**** Provided data ****

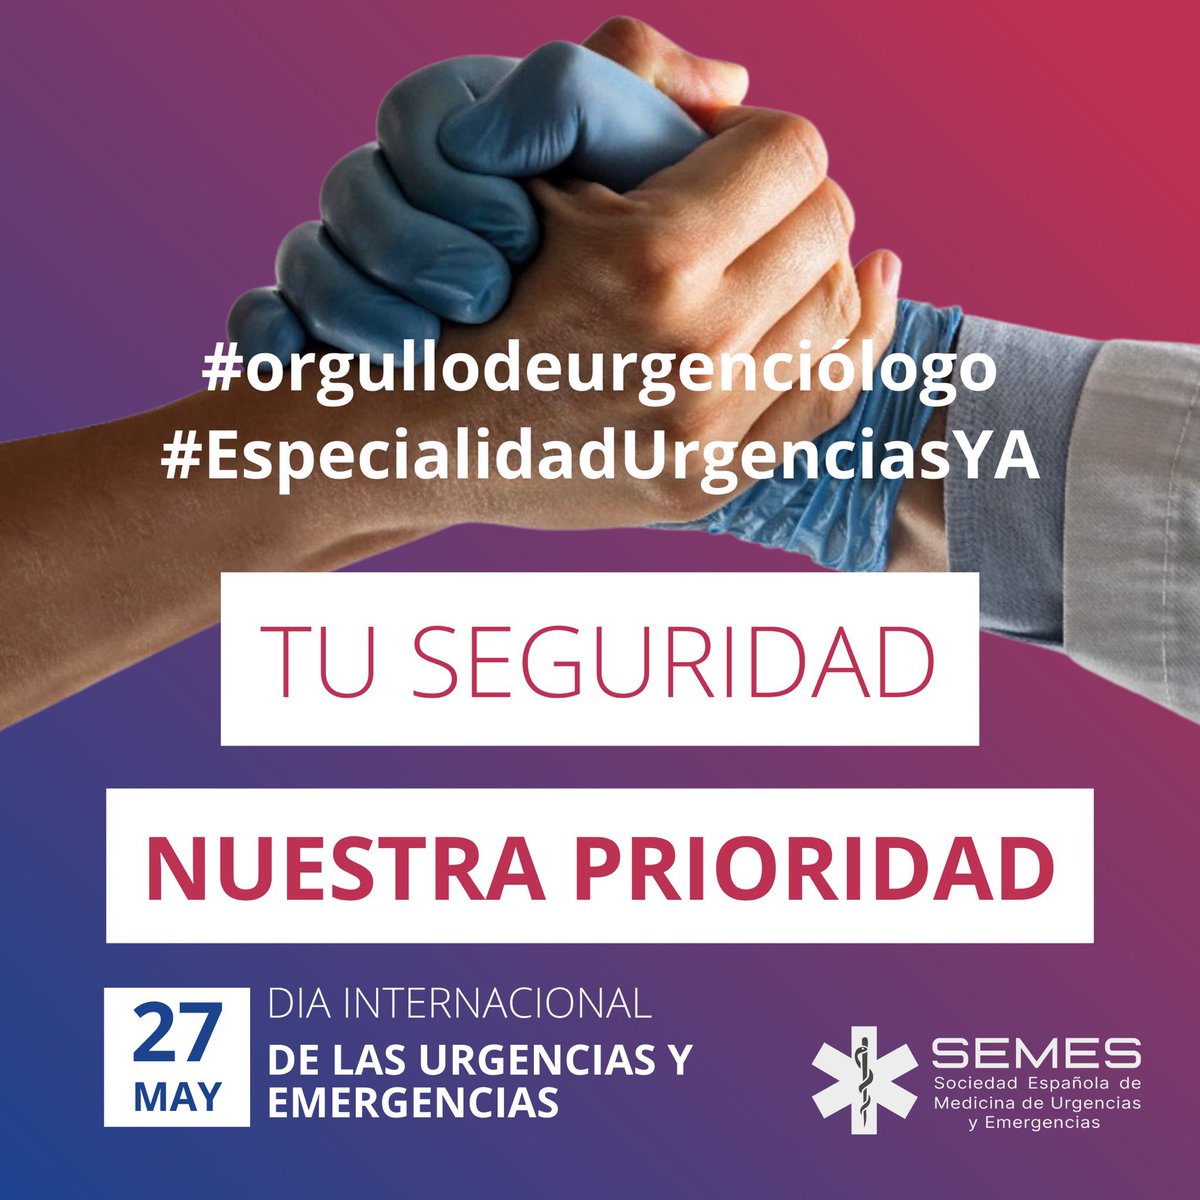 #EspecialidadUrgenciasYA 
#orgullodeurgenciologo 

¡Feliz día! Y gracias por estar ahí 24.7.365

****

> Instructions to follow
Copy the listing exactly. Any image in it stays out of the copy.

> Response to the exercise
 #EspecialidadUrgenciasYA 
#orgullodeurgenciologo 

¡Feliz día! Y gracias por estar ahí 24.7.365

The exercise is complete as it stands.